### WHAT THE EXERCISE ASKS
Take the line with "Équitation ânes Petra, Jordanie" as the first and the last line of the data as the end. Write out both and every line between exactly, except pictures.

### SUPPLIED DATA
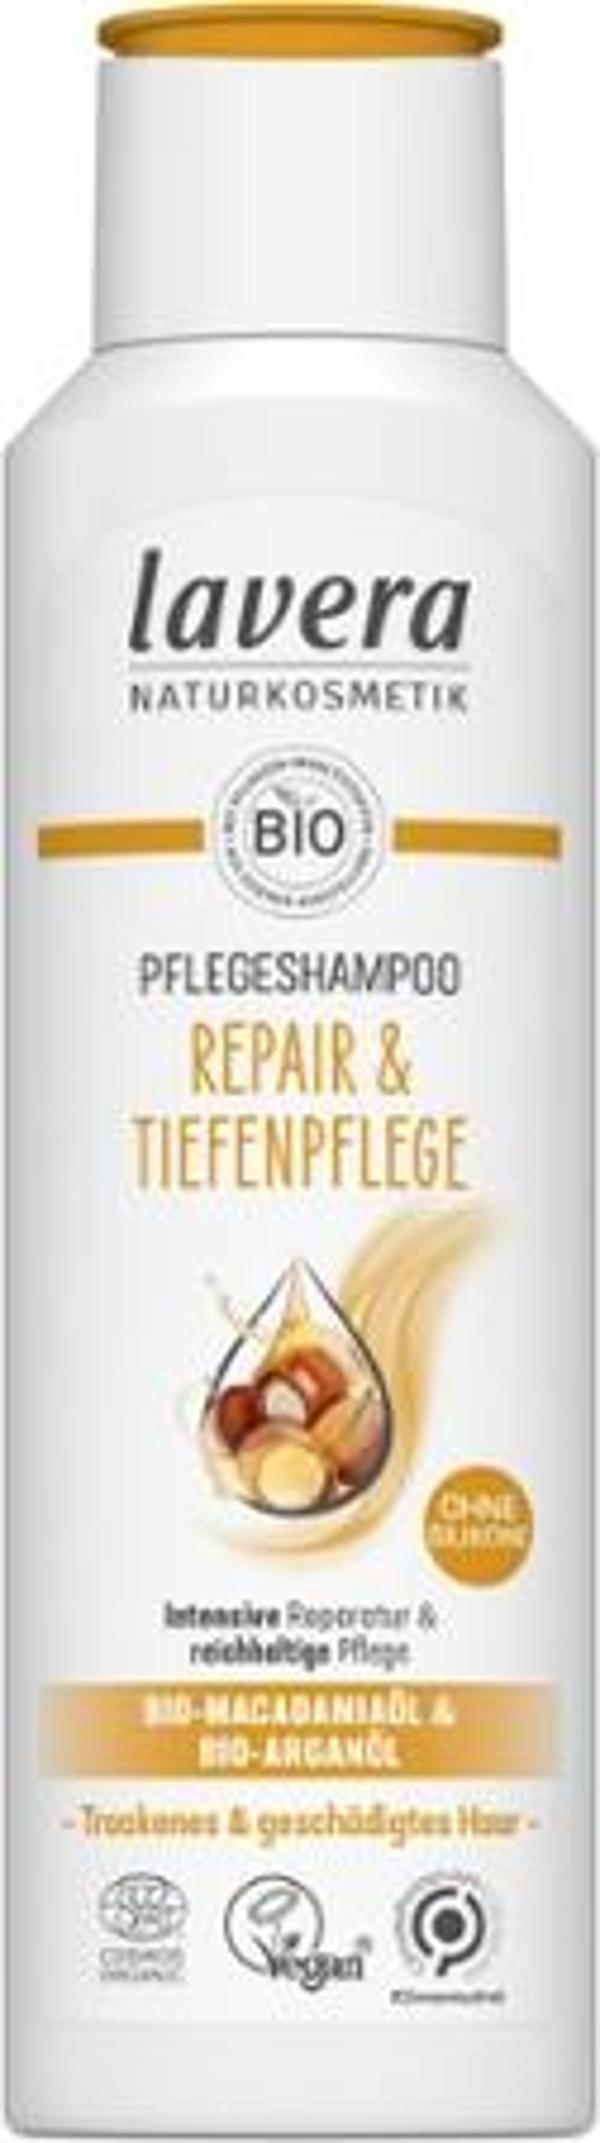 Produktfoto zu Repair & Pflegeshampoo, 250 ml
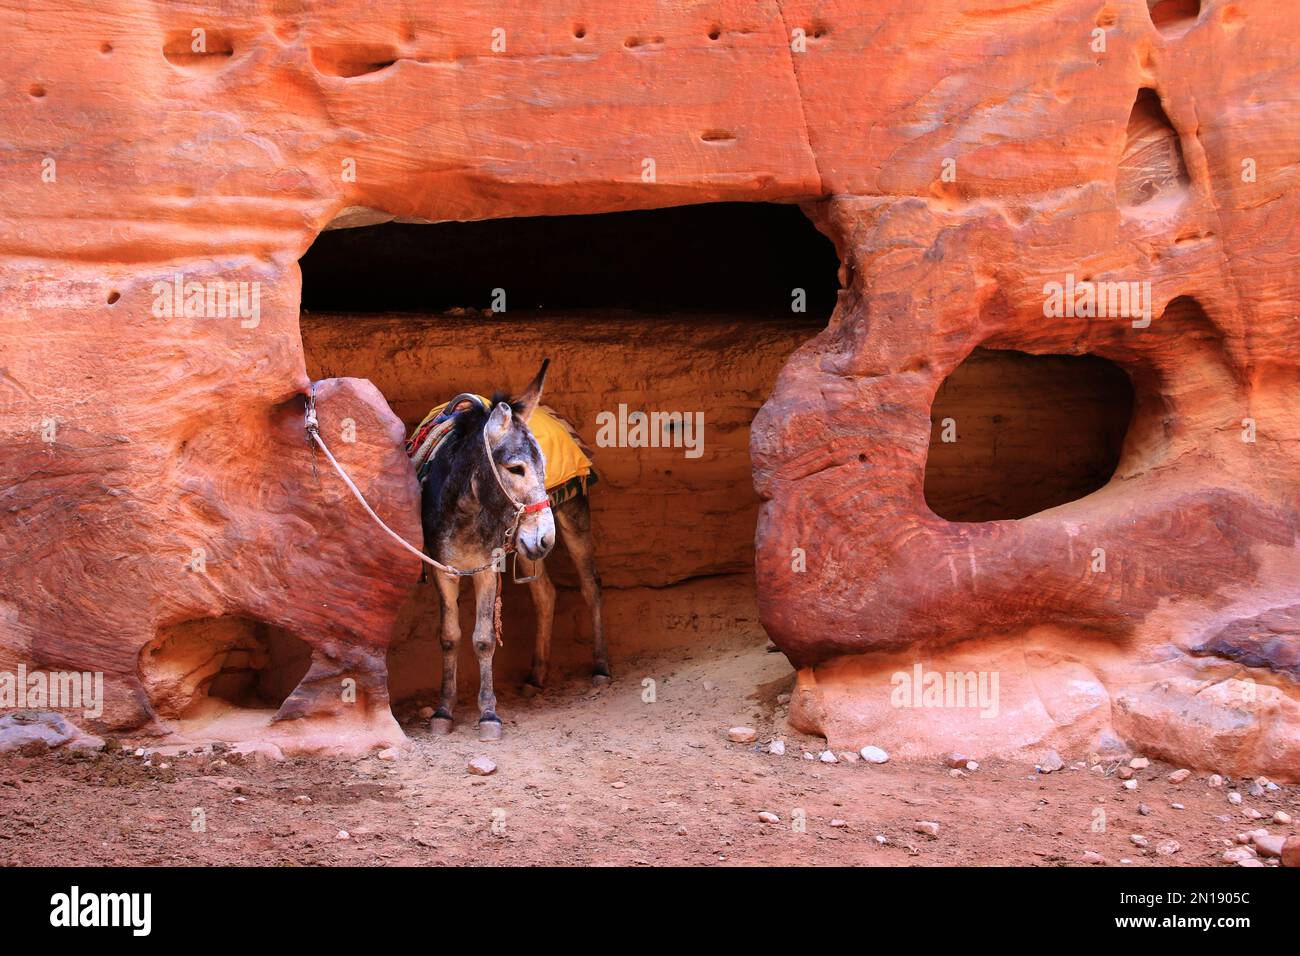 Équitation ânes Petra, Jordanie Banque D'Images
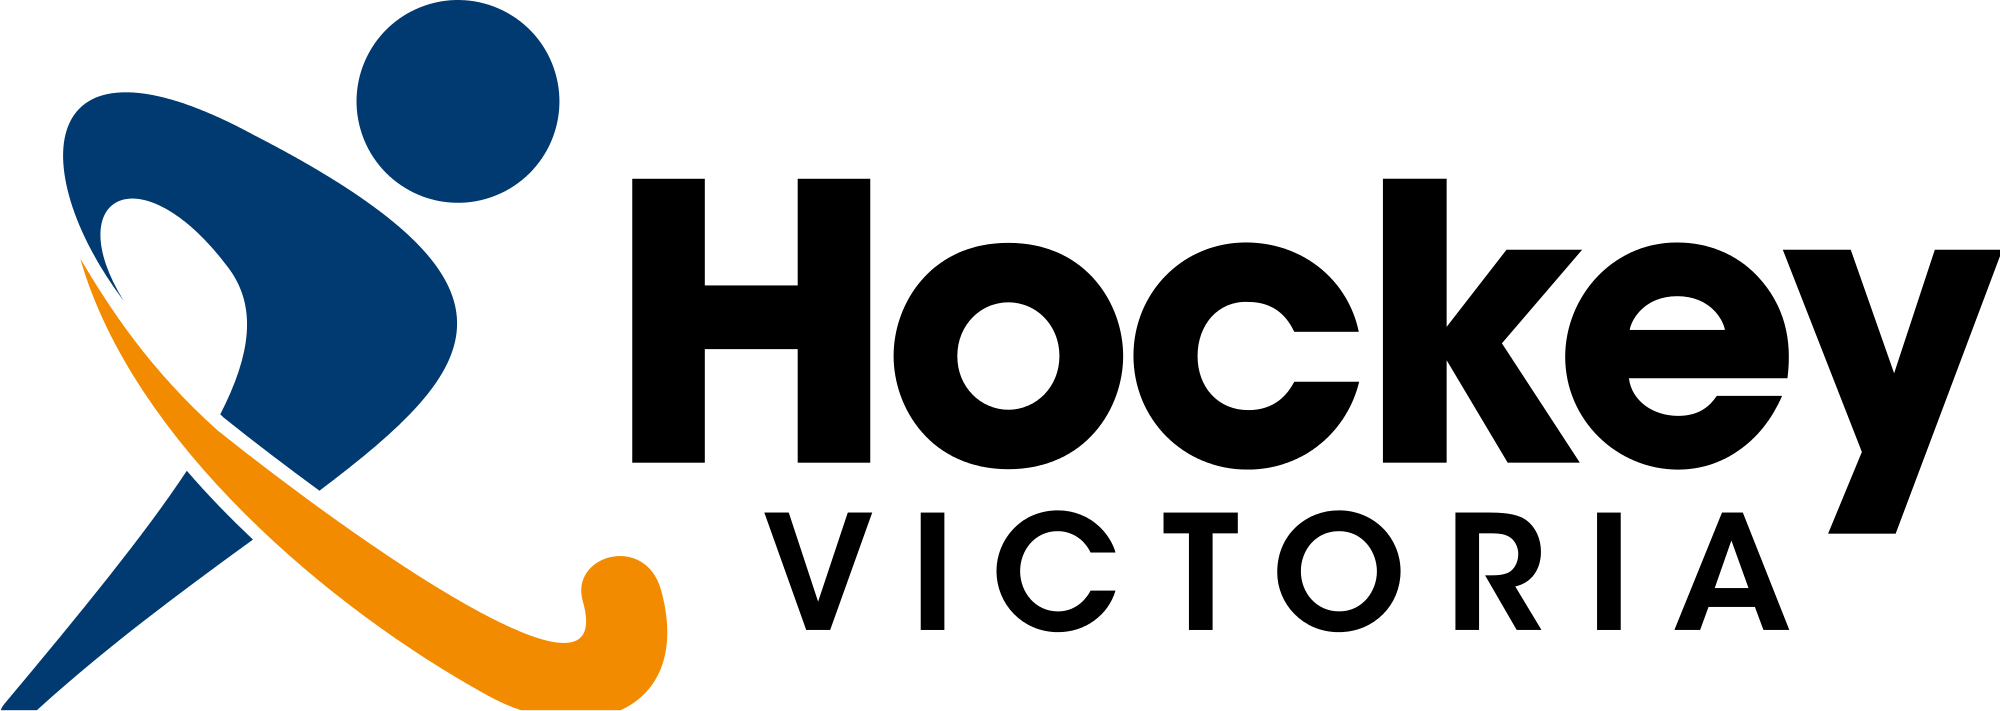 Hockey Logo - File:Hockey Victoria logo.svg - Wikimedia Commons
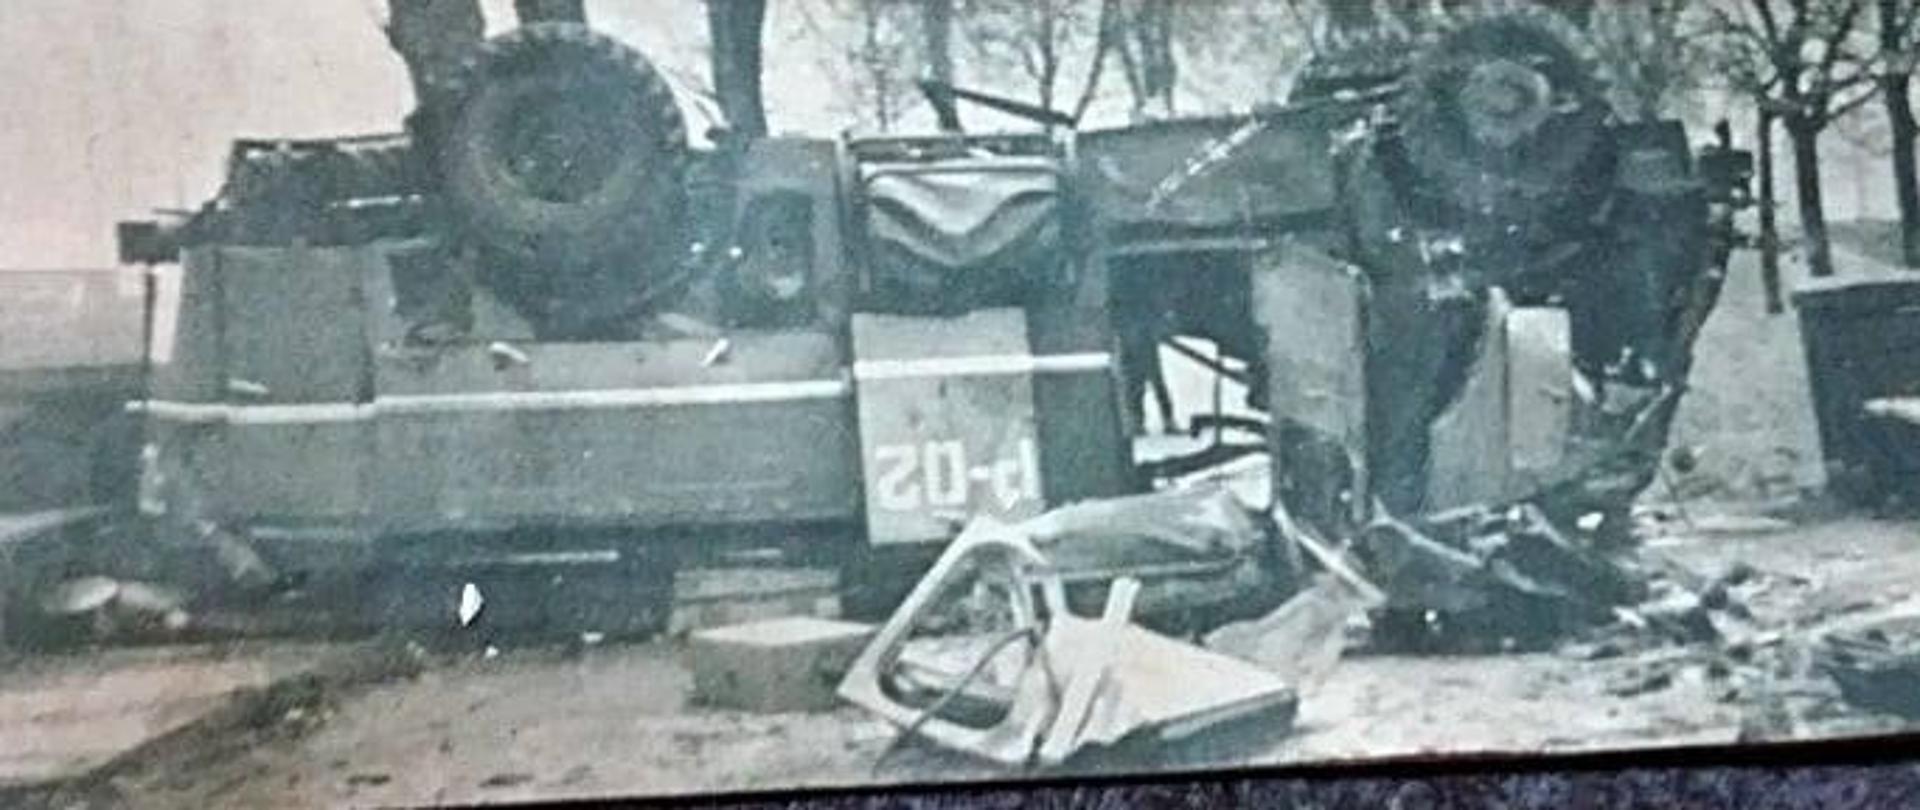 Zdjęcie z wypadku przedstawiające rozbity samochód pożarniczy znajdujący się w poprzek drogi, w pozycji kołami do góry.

### EXPECTED ANSWER
 Équitation ânes Petra, Jordanie Banque D'Images
 Hockey Logo - File:Hockey Victoria logo.svg - Wikimedia Commons
 Zdjęcie z wypadku przedstawiające rozbity samochód pożarniczy znajdujący się w poprzek drogi, w pozycji kołami do góry.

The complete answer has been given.